“It has to be a long time ago when we had such a winter with low temperature and so much snow. Of course, I went out for frosty photos and frosty hands and feet,” says Germany’s Meike Lucia Friemel (MeikeLucia) who is both a metalworker and polymer artist.
“I like the difference between “slow” metalwork and “fast” clay work,” she says. Polymer gives her the possibility of neverending color.
See how Meike brought the wintery weather into these bangles. They may make you shiver here on Facebook and Flickr.
France’s Valérie Bodino-Nazet hits the spot with this mix-and-match segmented bangle to wrap up the week.
Black and white stripes are a no-fail pattern to break up the tiny flowered pattern, the black and white leaf-like section, and the graphic black and white piece with just a splash of florals. Here on Instagram.
It’s hard to tell if this is one solid bangle or if the bracelet is in three sections of tubes that stretch apart at the stripes.

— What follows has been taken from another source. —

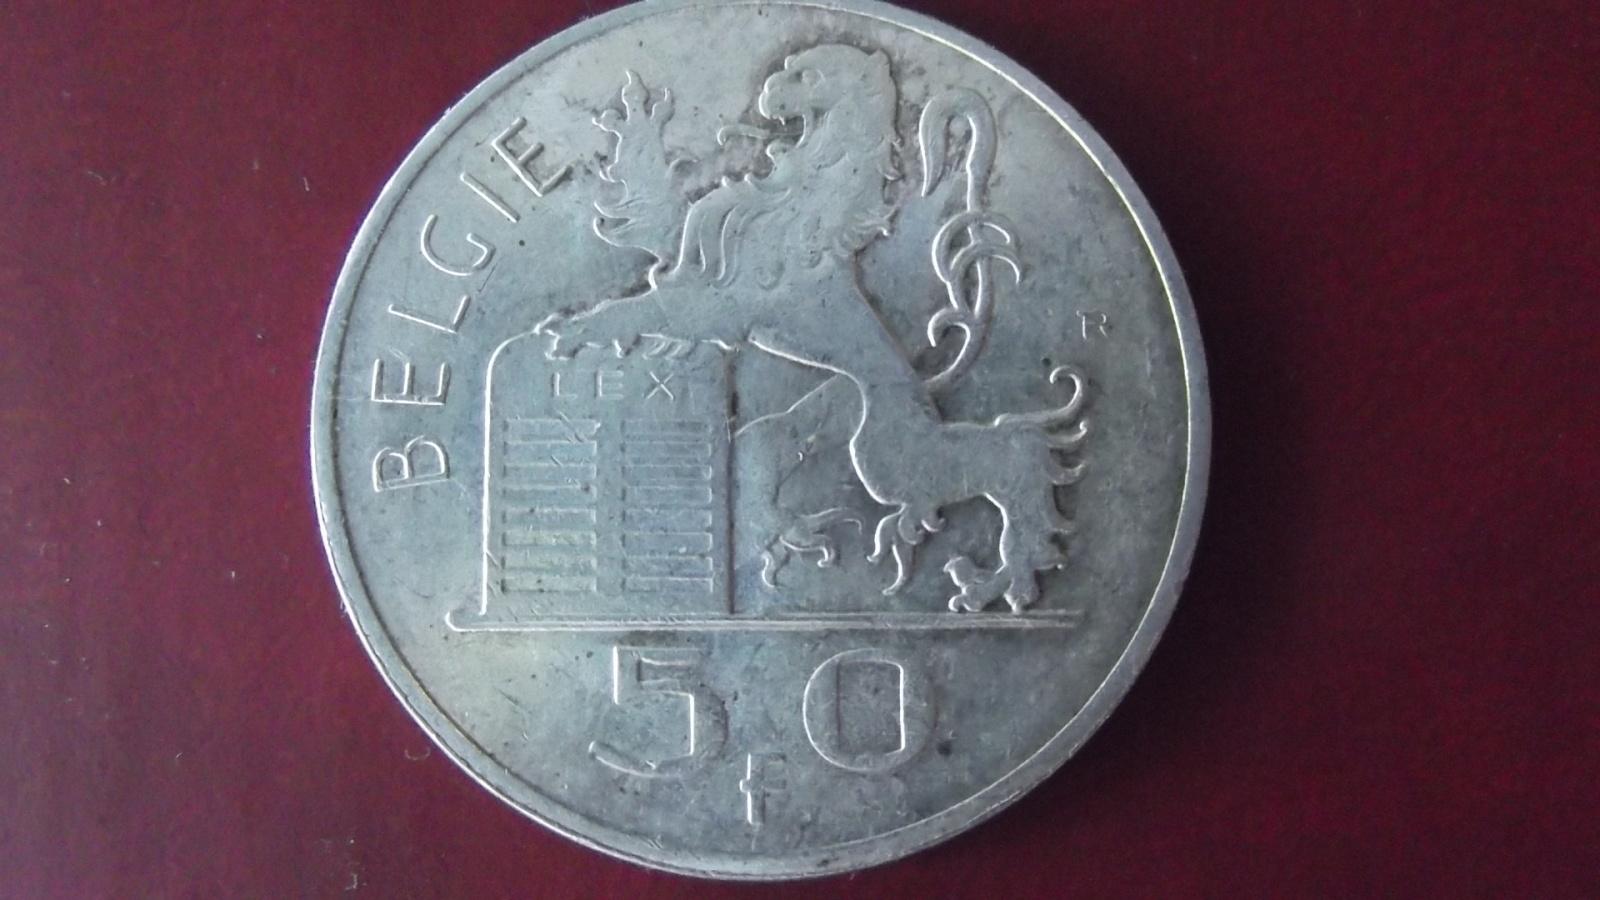 Monedas con leones 2cmt2l3

No matter, it’s a playful and slightly wobbly Friday treat.
If you’re in the mood for more treats, join us over at StudioMojo where the value of a playful approach to polymer art is one of the big keys to success. Come join us.
Moscow’s Juliya Laukhina forces us to take another look at the weeds we’re battling in our yards.
Juliya reveals the beauty of simple plants in this bangle made of textured polymer tiles. Pressing fresh cuttings into clay or molding material, she creates texture plates that she bakes. Then she presses raw clay into the baked plates.
She gathers the resulting soft-edged rectangles around a bangle form and highlights the textures with a wash of dark paint.
Voila, those nuisances in the garden enjoy a new life on your arm.
These mud cloth pattern Bogolanfini polymer bangles strike a balance between tribal and contemporary jewelry. The colors are perfect and the patterns are purposely loose and energetic.
Each bracelet is formed from two curved mud cloth-patterned tube beads and four spacers joined with a twist. Another version joins over a wider cuff.
They’re from Massachusetts’ Kathleen de Quince Anderson and she sells some of her polymer creations at the National Museum of African American History and Culture in Washington. See her signature heart box and most current works on Instagram.
You may not usually envision denim with ruffles but Russia’s Anna Bragina combines these two concepts quite nicely in her new Denim polymer bangle.
The rough-edged pieces (I’m guessing some extrusion was involved) stack up tightly next to each other in a rich selection of blues. Some strips fold back and forth to form ruffles. The contrast of tight/loose, rough/ruffled, makes me start thinking about how I could build an outfit around this. And getting the viewer/customer involved is what our art is all about, isn’t it?